The biomedical research enterprise is dependent on high-quality interoperable data to ensure advances in healthcare and medical product development.² CDM provides the tools to examine the observations that were made by applying reliable evaluation techniques to these observations.¹³ This will lead to a systematic and thorough analysis of the data. The entire lifecycle of data governance from design of the databases to preparation and the instruction of those that are capturing and reporting the data must be established. Plans for transmittal of the data after cleaning, reviewing, and documenting the materials must be identified. Finally, proposals for the storage, archiving, and presenting of the data must be detailed. The quality of data collection and elimination of “noise” and bias are essential elements good CDM practice in biomedical research.¹⁴

In the 21st Century Cures Act, the FDA stressed that surveillance and testing capabilities must be improved in preparation for future pandemics.

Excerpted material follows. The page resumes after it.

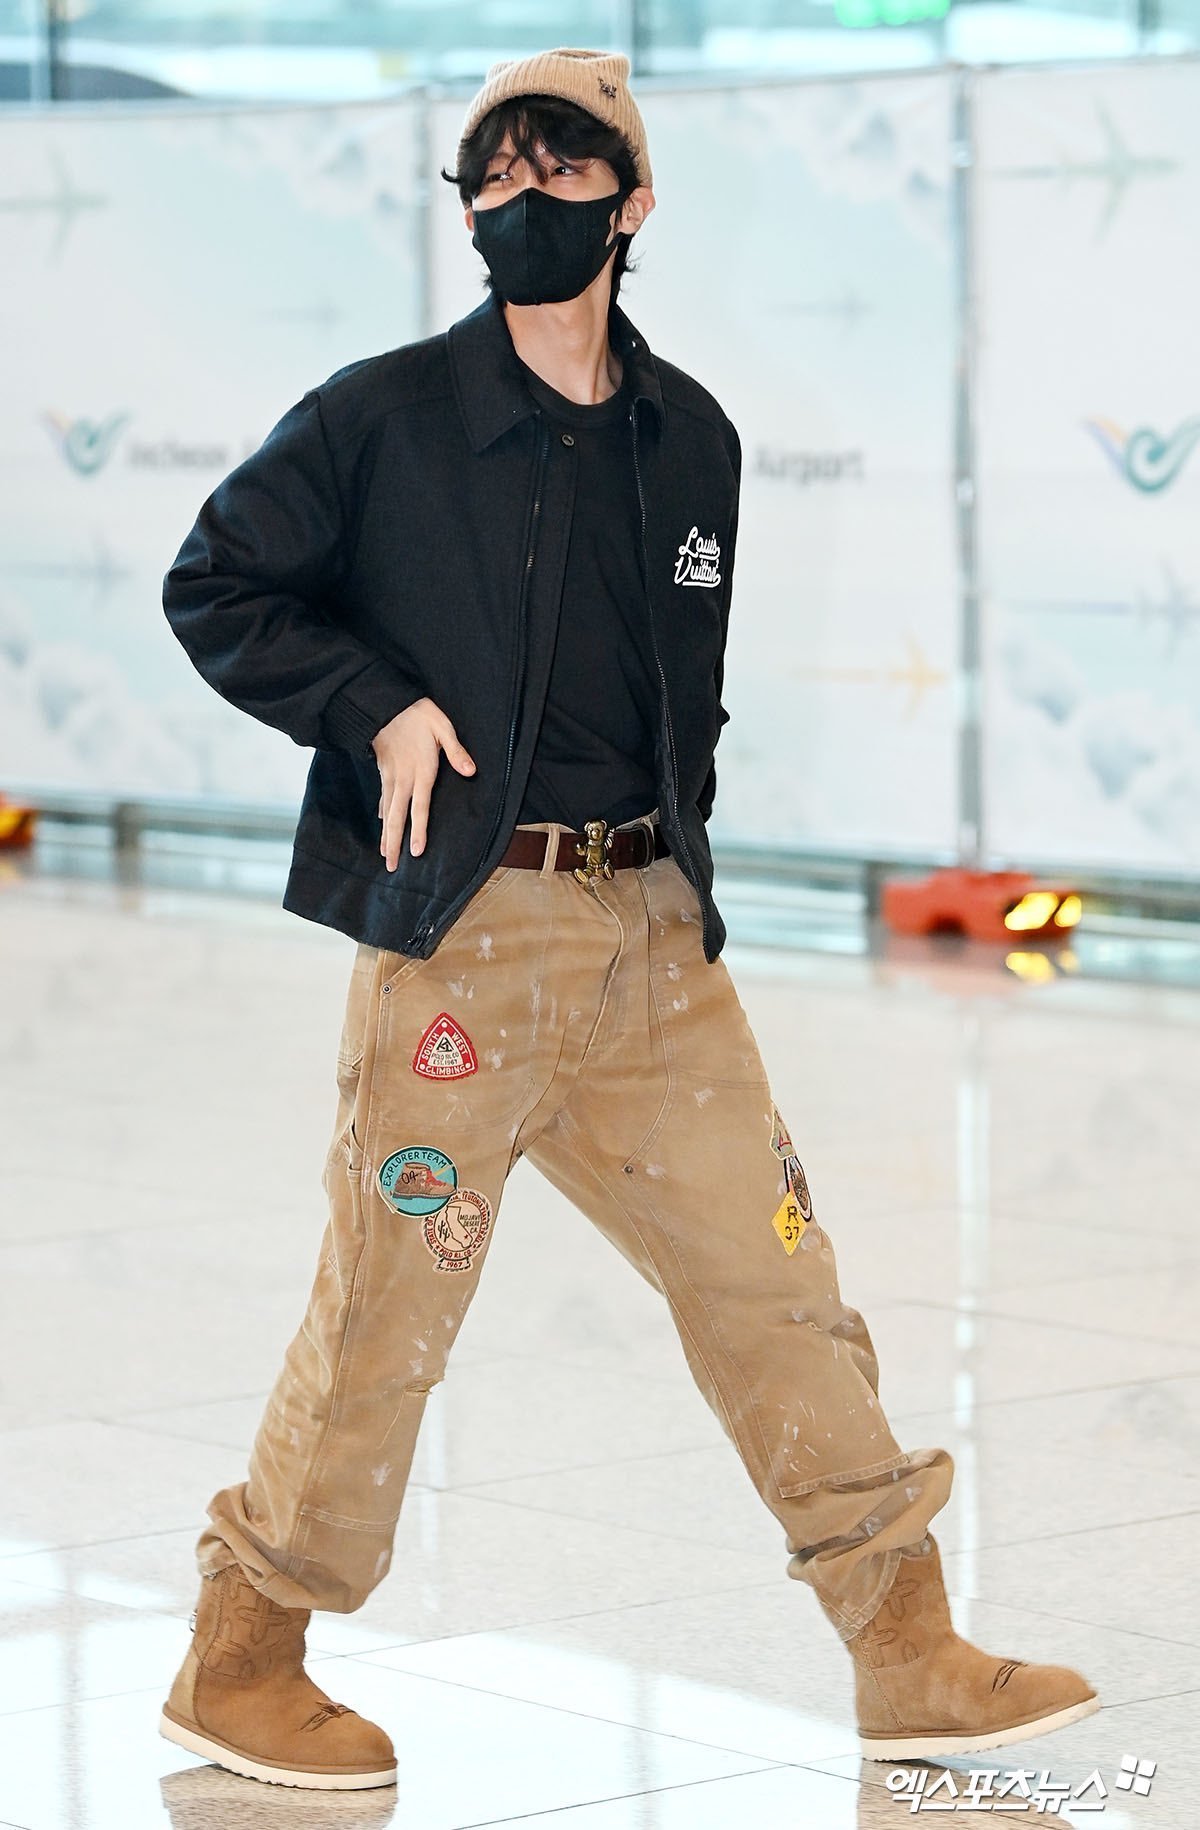 jayvee on X: wowlouis vuitton military style! is it a coincidence?   / X

The FDA’s Sentinel Initiative cites the goal of interoperability of the Sentinel Common Data Model. The 2022 “FDA’s Budget: Advancing the Goal of the Opioid Crisis” contains funding for digital health initiatives and digital health data.¹⁵ In all of these cases, a strong data management strategy is needed.

Biomedical research findings are dependent on data sharing and good data management as detailed in the many NIH and NASEM initiatives in response to COVID-19.¹⁶ Technology has driven fundamental changes in CDM and biomedical research beyond electronic data capture (EDC). Fit-for-purpose data strategies are being developed, which focus on what is needed, rather than capturing everything that is available.¹⁷ Artificial intelligence/machine learning (AI/ML) technologies are providing accelerated database releases, as well as automating significant portions of data validation and severe adverse event (SAE) reconciliation. These technologies enable rapid data transformation to submission-ready datasets and run predictive analytics to provide real-time insights and to manage risk.

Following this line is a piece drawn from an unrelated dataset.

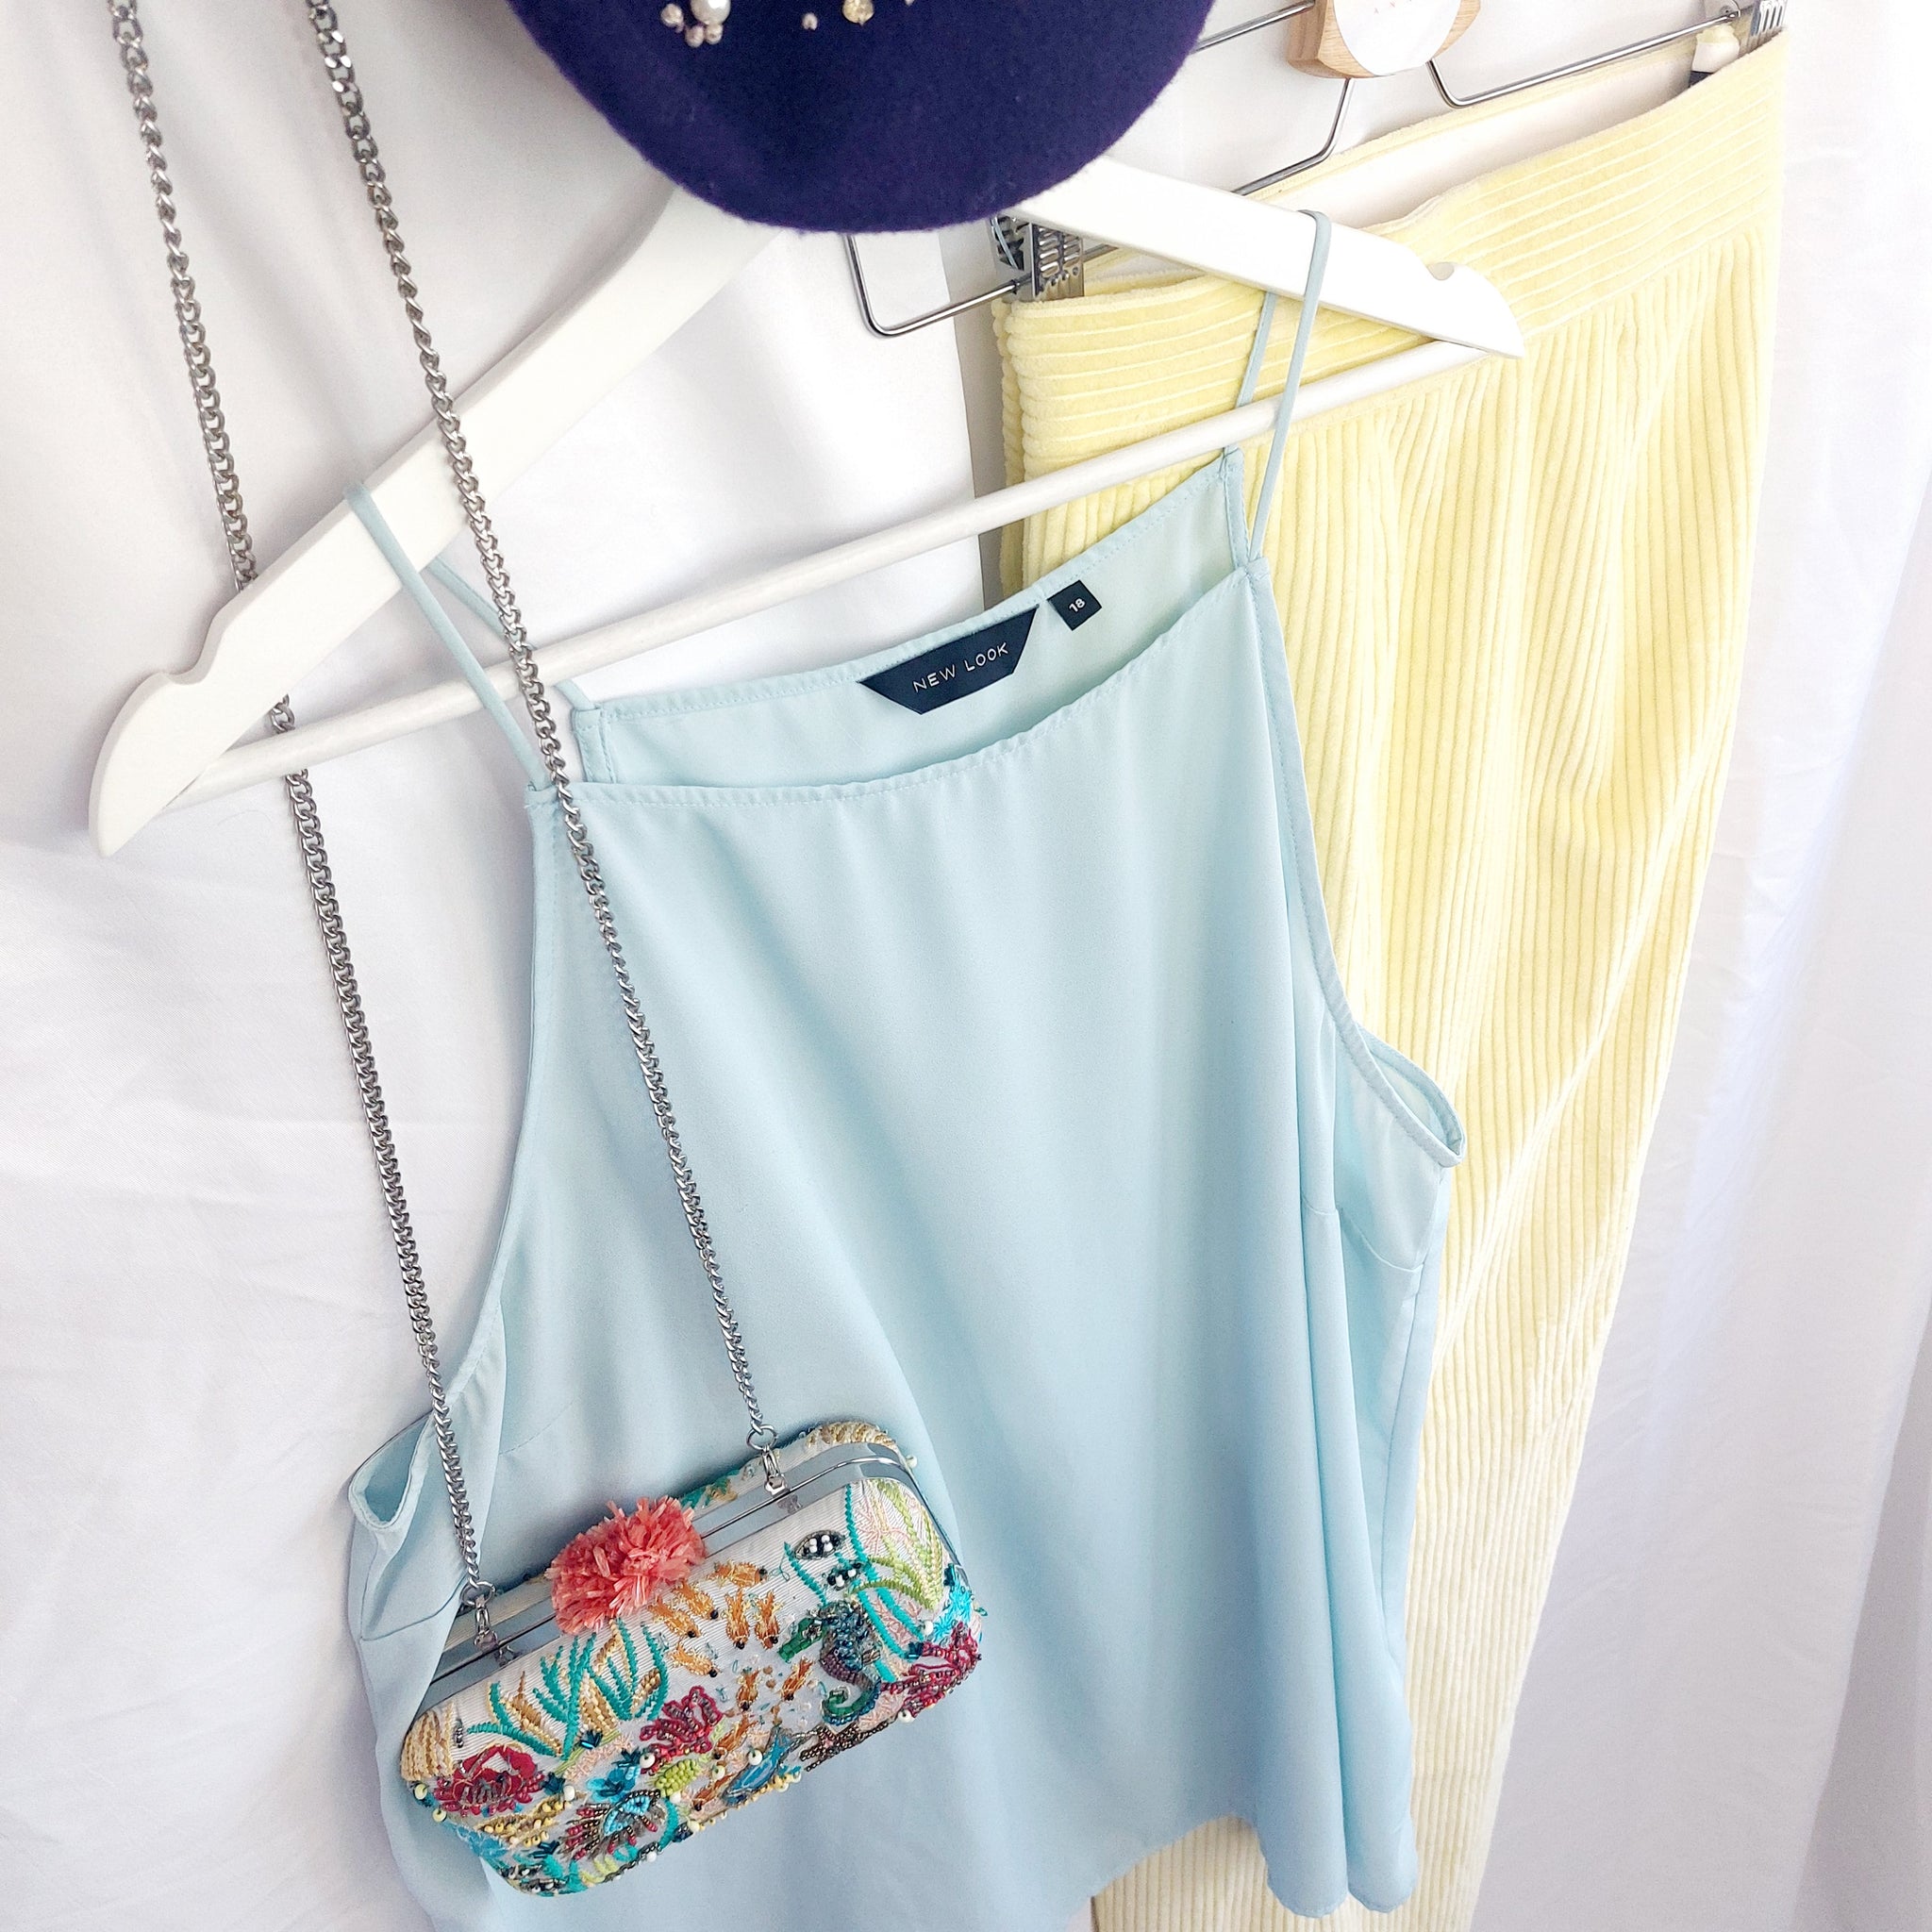 BABY BLUE STRAP TOP - UK18

Currently, there are many ongoing efforts at mapping and reconciliation of the terminologies that facilitate data interoperability.¹⁸ There are also a large number of inputs from disparate data sources, which must be mapped to one another. The data manager is at the center of the drive for data quality, tracking and overseeing all the inputs that are contributing to the exponential growth in biomedical research.

Recruitment, Training, and Education

CDM practitioners can be found along a spectrum, from very experienced to novice. These practitioners carry out data acquisition, processing, and validation. Many data managers are trained on the job through institutionally developed training, apprenticeships, or self-learning programs. Frequently in academia, each investigator must train his or her own data management staff. Such training is often highly focused on past practices and organizational procedures, rather than on underlying theories, principles, and methods that are based on evidence.⁴

The role of the data manager has been evolving from that of a data acquisition professional to a clinical data manager to a data scientist. The data manager has responsibility for including colleagues from other disciplines in their pursuit of high-quality data, and the data scientist needs new skills, such as programming, statistics, data visualization, and analytics.⁴ They need to understand concepts around AI and ML, deep learning, and big data to communicate with all stakeholders. For risk-based quality management (RBQM) and decentralized clinical trials (DCTs), an understanding of the concepts and tools associated with the use of eSource, data interoperability, and data integration strategies is essential.

One of the first steps in CDM education and training is how to collect and code the data. How do we improve the accuracy of the data abstracted from medical records?¹⁹ Often there is little appreciation for the noise and bias in the data.¹⁴ Training must address what data is required and what is not required. When data is not provided, the training needs to show how to specify the explanations for the missing data.

Training for coding the data captured involves a sound understanding of the terminologies involved, namely Medical Dictionary for Regulatory Activities (MedDRA®) and World Health Organization – Drug Dictionary (WHO-DD). An understanding of the scope, hierarchy, coding convention, and best practices is required for successful performance of the coding role. The MedDRA® Points to Consider (PTC) documents provide a framework for industry to develop their own customized best practices documents.²⁰ It is important that all individuals utilizing the data understand the nuances of terminology structure, as well as its limitations.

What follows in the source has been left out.